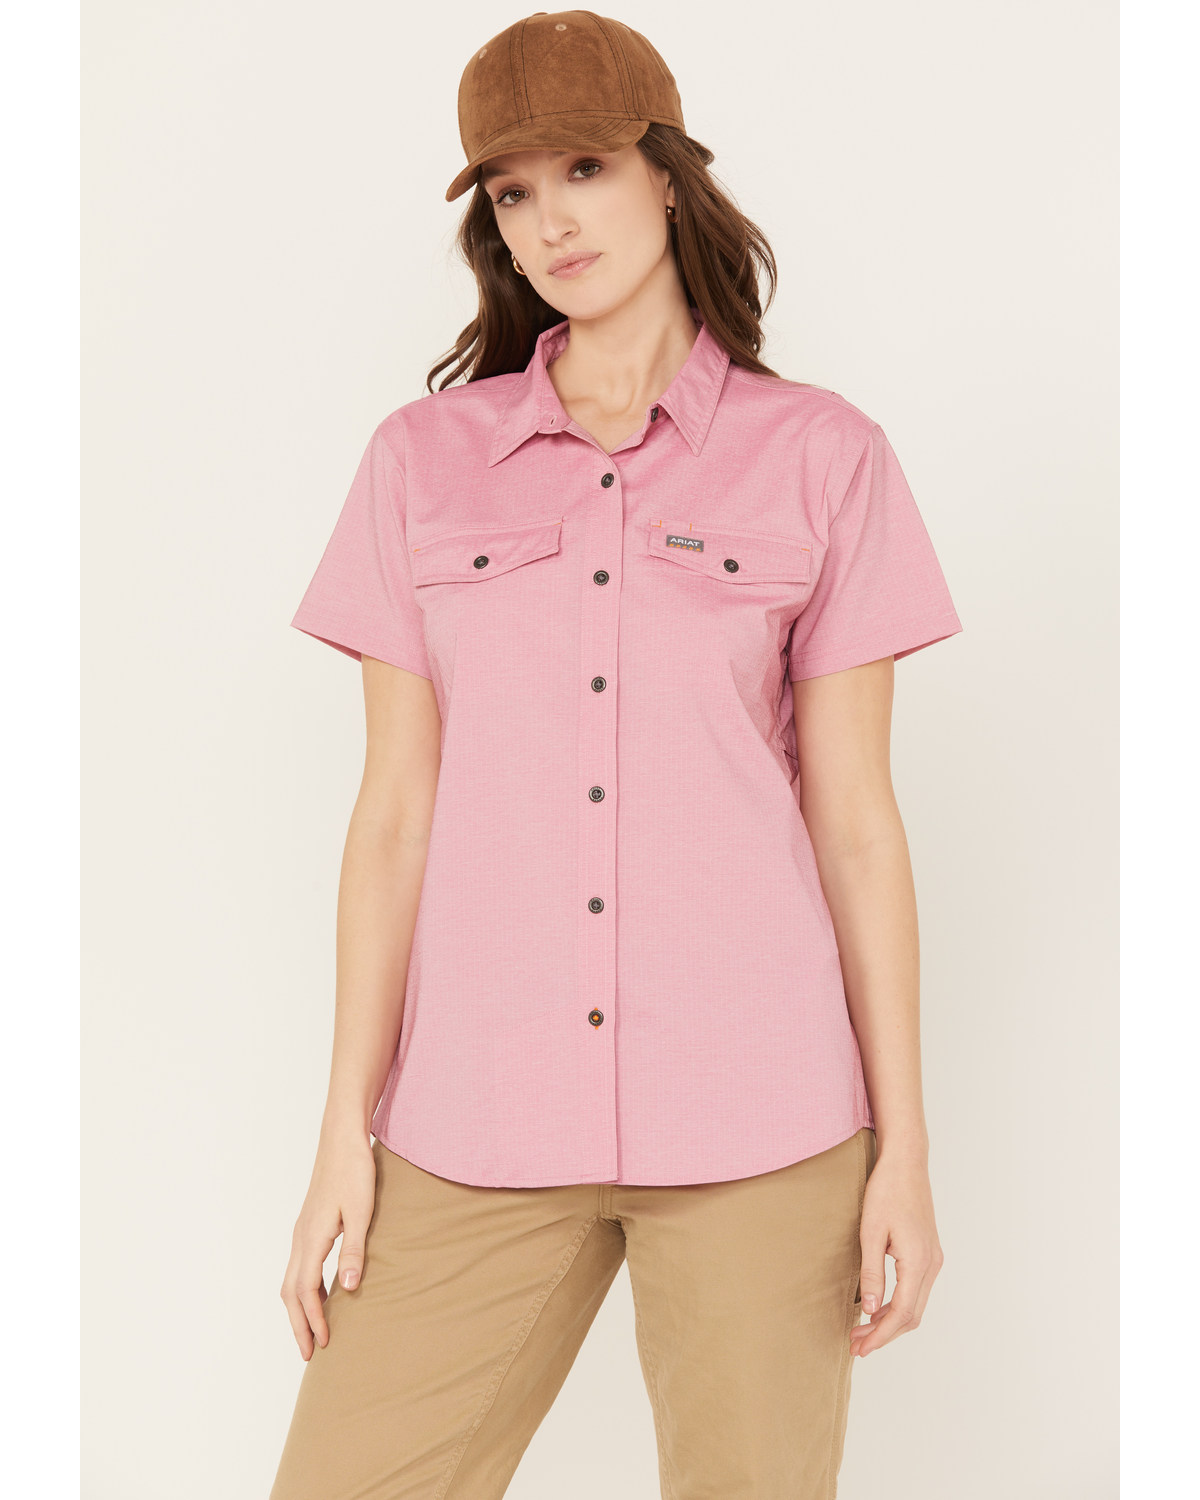 Ariat Women's Rebar VentTEK Short Sleeve Button Down Western Work Shirt
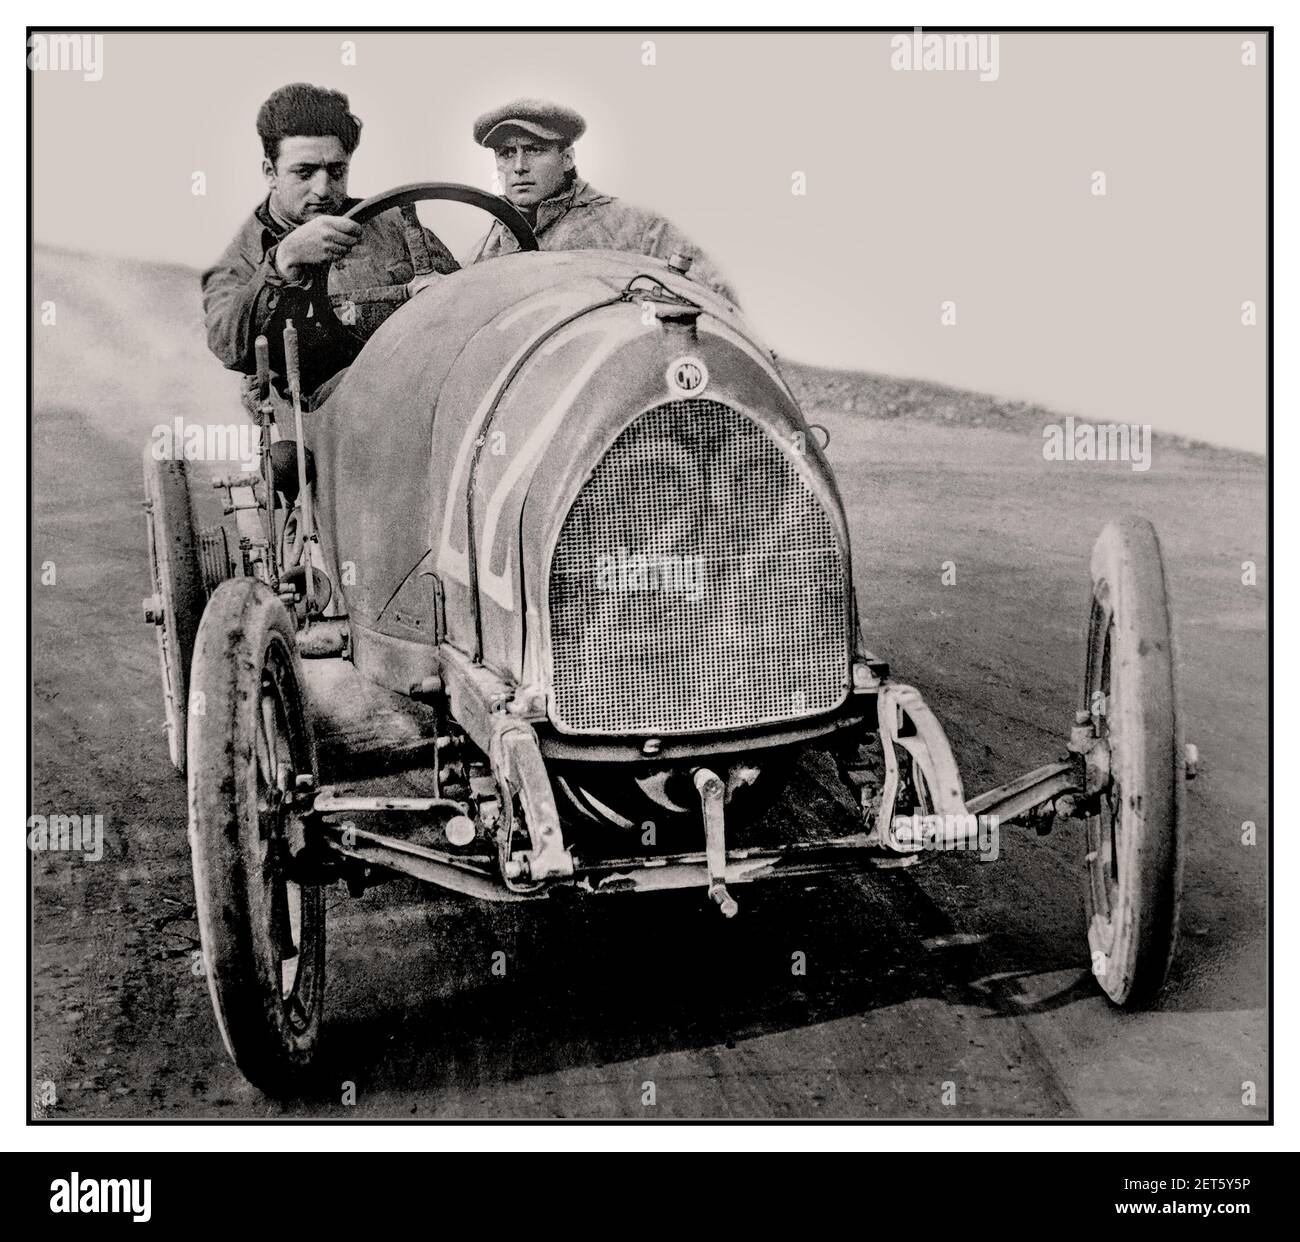 ENZO FERRARI Archive Vintage 1919 imagen de un joven Enzo Ferrari en su primera carrera como piloto profesional en No,22 C.M.N. (Costruzioni Meccaniche Nazionali) Parma-Poggio di Berceto carrera de escalada 1919 Foto de stock
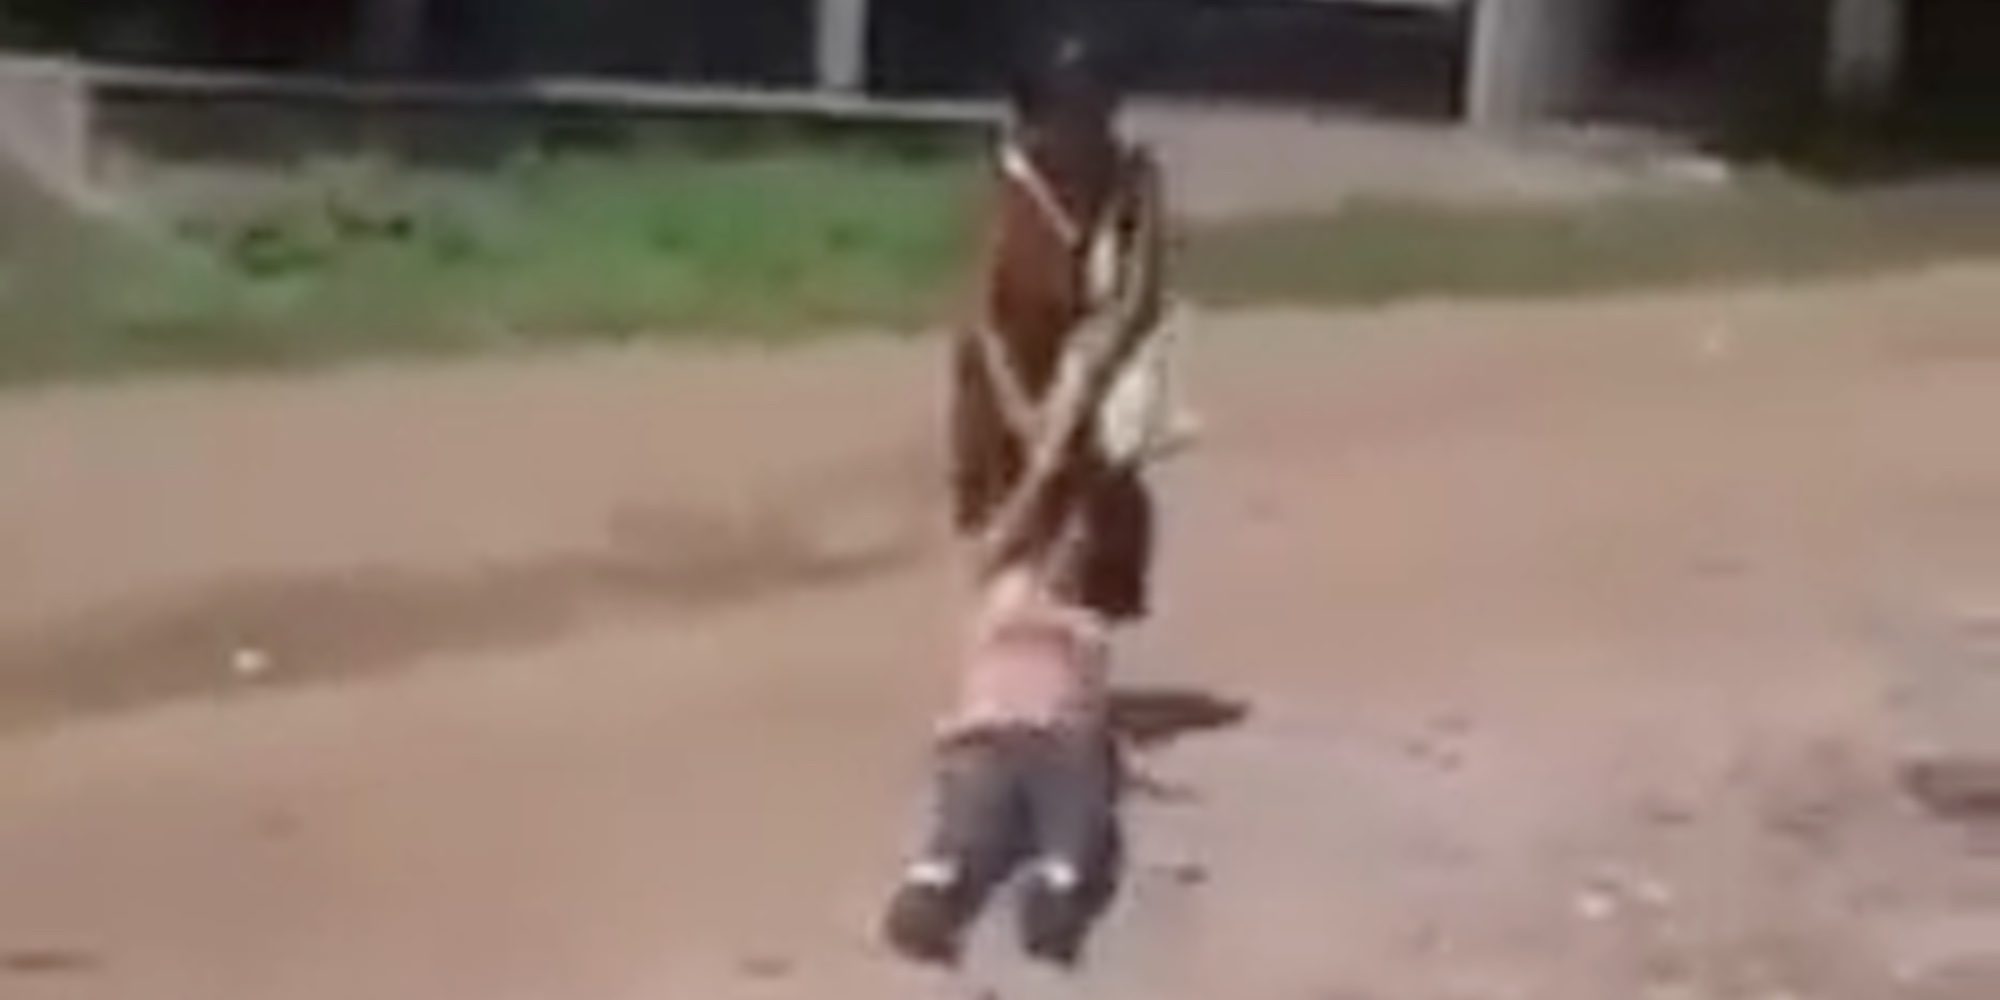 Una mujer arrastra de los pelos a su hija discapacitada por la calle en México

========================================

WHAT IS NEEDED: Strip the images and return the remaining data exactly.

WORKED SOLUTION:
 Ariat Women's Rebar VentTEK Short Sleeve Button Down Western Work Shirt
 ENZO FERRARI Archive Vintage 1919 imagen de un joven Enzo Ferrari en su primera carrera como piloto profesional en No,22 C.M.N. (Costruzioni Meccaniche Nazionali) Parma-Poggio di Berceto carrera de escalada 1919 Foto de stock
 Una mujer arrastra de los pelos a su hija discapacitada por la calle en México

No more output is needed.